Very impressive. I love following your work on Facebook's Trotec group. I'm in Houston, by the way.

Joe

Bert McMahan
05-26-2022, 11:44 AM
Thanks for the info Neville. Sent you a PM with a couple questions.

Just wondering, is there anything a regular fiber will do that the UV won't?

Kev Williams
05-27-2022, 1:00 AM
the materials that lasers designed for engraving, marking and cutting will actually engrave, mark and cut, is dependent on the wavelength of the laser. Like, a C02 laser's 10,640nm wavelength beam will microfracture glass when the beam hits it, but a fiber laser's 1,064nm wavelength will generally just pass right thru glass. And a C02's laser will create a 'controlled absorption' burn which allows clean engraving and cutting of woods, but a fiber's beam creates UNcontrolled absorbtion into wood, and rather than cleanly engraving or cutting it, it simply gets wood blazing hot, plenty hot enough to start wood on fire! A few years ago a customer wanted me to laser cut gaskets from very thin Myler sheet, which I was able to do with my C02 lasers, but a result of the cut was that heat caused the cut edge to expand thicker, making them useless as gaskets. I learned from our Creeker expert Dave Sheldrake that a lower wavelength UV laser such as Neville's would very cleanly cut Mylar...
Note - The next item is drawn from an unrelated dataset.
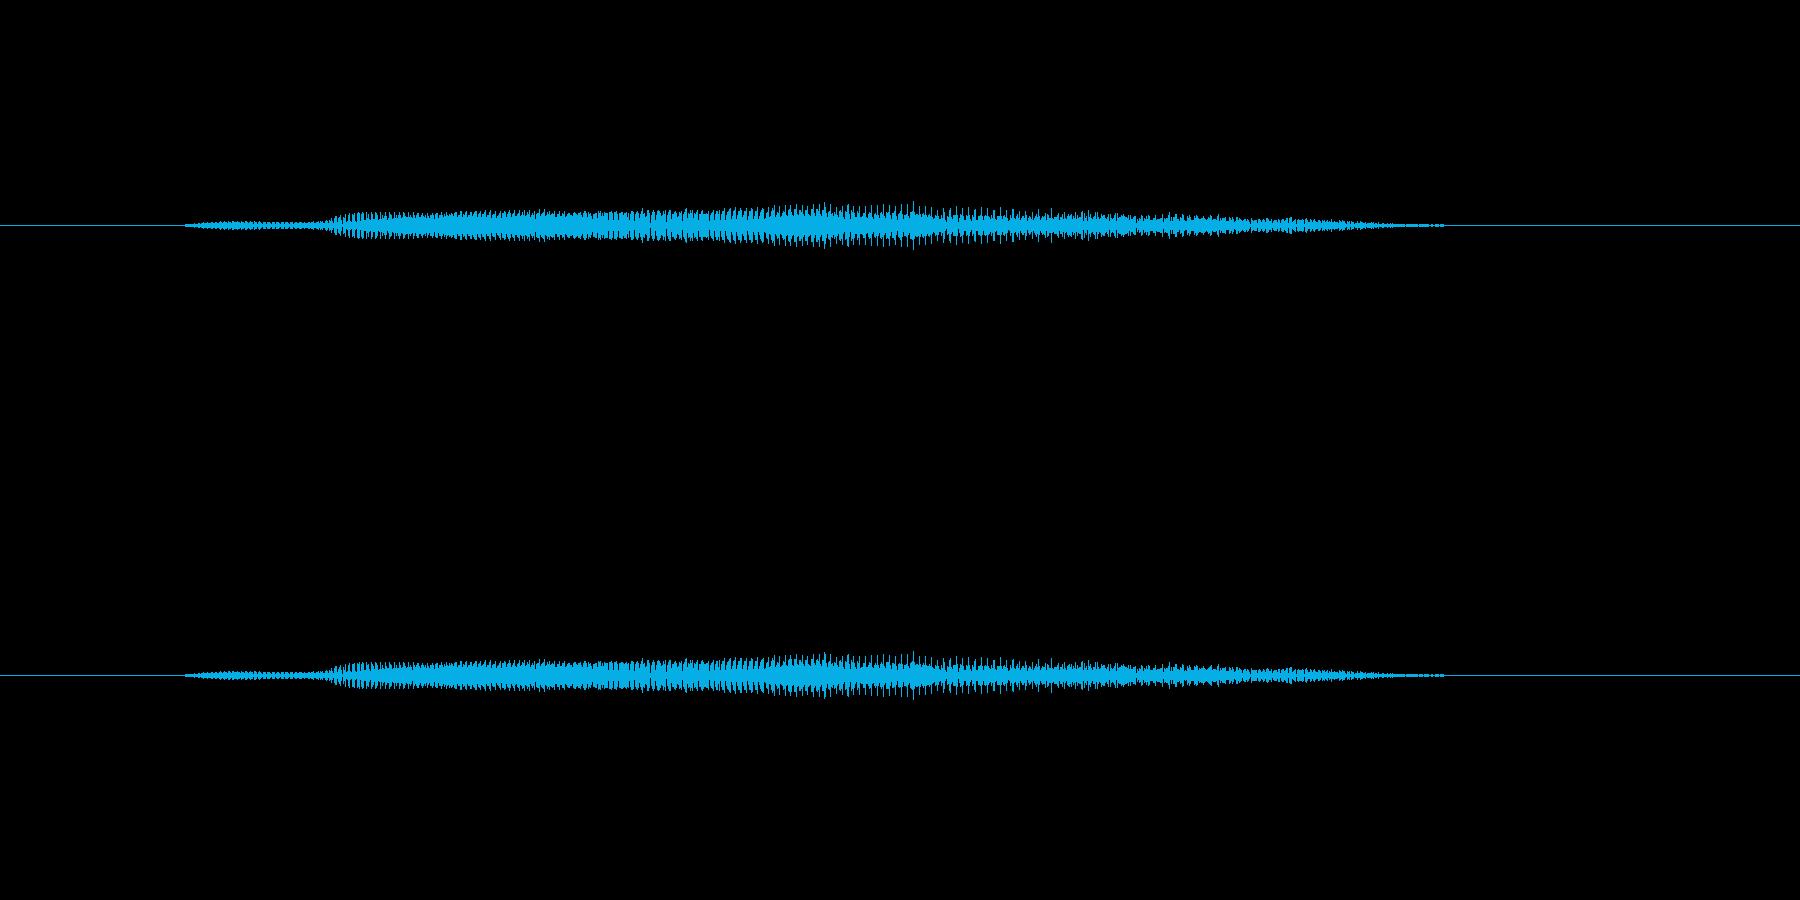 ニャー_猫声-19の再生済みの波形

I don't pretend to know much else about how lasers do their thing or understand why really, but man are these things fascinating! :D

Bert McMahan
05-27-2022, 12:40 PM
Oh I'm well aware of the different uses between a CO2 and a standard fiber. I'm just wondering what the differences are between a UV and a standard fiber. Can it, for example, engrave black serial numbers on metals like aluminum/steel/titanium? Obviously it seems to do great with Pewter.

Neville Stewart
05-29-2022, 12:14 AM
Thank you Joe. Hope it’s inspiring if even of suggestions for improvement.

Chase Williams
06-21-2022, 5:00 AM
I just got a sales pitch from Keyence on their UV. They had explained that UV should be able to do nearly anything that a Fiber can do, plus items such as precious metals and plastics such as flexible clear tubing that would normally distort with heat. The downside of the UV is that it costs more (for machine) and takes longer for the same job than fiber.

Neville Stewart
06-21-2022, 8:43 AM
UV can do lots of other materials though and speed isn’t that far behind but if you’re masking, lasering & sand etching a dozen/hundred glasses. UV will blow that process away with about the same result.